Он закончил речь обращением к женщинам. Воззвания к женщинам, как некий ударный аккорд, завершали почти все речи Гамова к народу:
— Милые мои подруги! Я обещал вам, что эту зиму вы будете без страха шагать по ночным улицам. Поздравляю вас: для страха оснований больше нет. И ещё поздравляю многих с тем, что их соскользнувшие с честной дороги дети и близкие вновь возвращены к нормальной жизни нормальных людей!
На очередном Ядре Гамов изъяснялся совсем не в таких радужных тонах. Впервые он сделал выговор Прищепе.
— Полковник Прищепа, вы безобразно ошиблись! Уверяли, что бандитов в стране сто семьдесят – сто восемьдесят тысяч, а сложило оружие в одну неделю больше двухсот семидесяти. Как строить надёжную политику на такой ненадёжной разведке? А если сведения о неприятельских силах столь же точны? Может быть, стремительное продвижение маршала Вакселя к Забону объясняется тем, что трагически преуменьшены его реальные силы?

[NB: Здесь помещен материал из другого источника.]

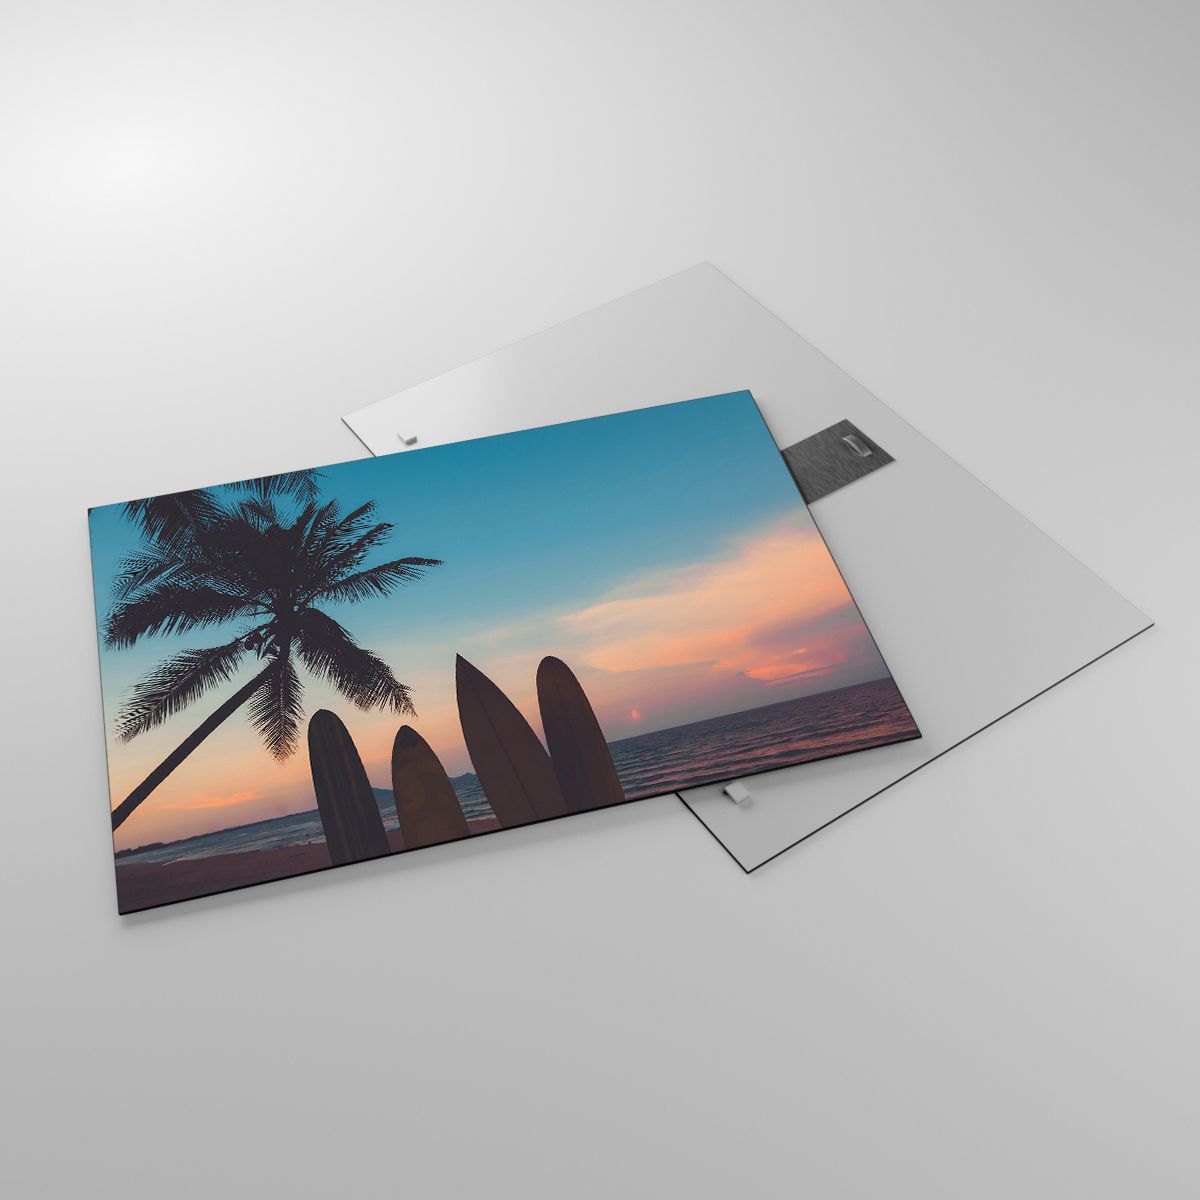 Glasbild Landschaft, Glasbild Surfen, Glasbild Meer, Glasbild Kokusnuss-Palme, Glasbild Der Sonnenuntergang

Павел признал недостатки разведки, но указал и на объективные причины просчётов. В районах военных действий у него своя агентура. И живым агентам там помогает инструментальная разведка, сеть тайных датчиков — приборы точные и надёжные. Но внедрять своих людей в бандитские шайки гораздо трудней, инструменты здесь неприменимы. Наблюдать за неприятельской армией проще, чем следить за десятком преступников, сбившихся на короткое время в одну стаю.
Гамов продолжал утверждать, что трудно вести политику, когда неточно представляешь себе настроение народа. Ошибка с количеством бандитов лишь часть более общей и трагической ошибки — неизвестности, сколько людей поддерживают нас, а сколько наших противников. В каждой квартире не поставишь подслушивающее устройство, в каждую семью не введёшь своего агента.
— Побойтесь бога, Гамов! — не выдержал Готлиб Бар. — Да спросите у меня, если не верите Прищепе! На заводах, на селе, в магазинах, это всё мои объекты, нашу деятельность одобряют, нас хвалят.
— Вы меня не поняли, Бар. Я не утверждаю, что наша разведка уже ошиблась в оценке настроения народа. Но говорю, что такая ошибка возможна, и мы можем её проглядеть.
Гамов, уверен, высказывал давно обдуманное. Он считал, что в обществе, сцементированном единой волей, в данном случае его, Гамова, верховной волей, очень трудно распознать истинные настроения людей. Свободного обсуждения нет, борьбы партий не существует — как же узнать, о чём думает средний житель? В стране, где нет разногласия мнений, нет и точного понимания людей. Мы сами создали такую страну, но, используя достоинства единовластия, не должны забывать и о присущих единовластию пороках.
— А Фагуста? — возразил я. — А этот беспардонный демагог, которого вы почему-то опекаете, разве он не высказывает открыто мнения, отличные от наших?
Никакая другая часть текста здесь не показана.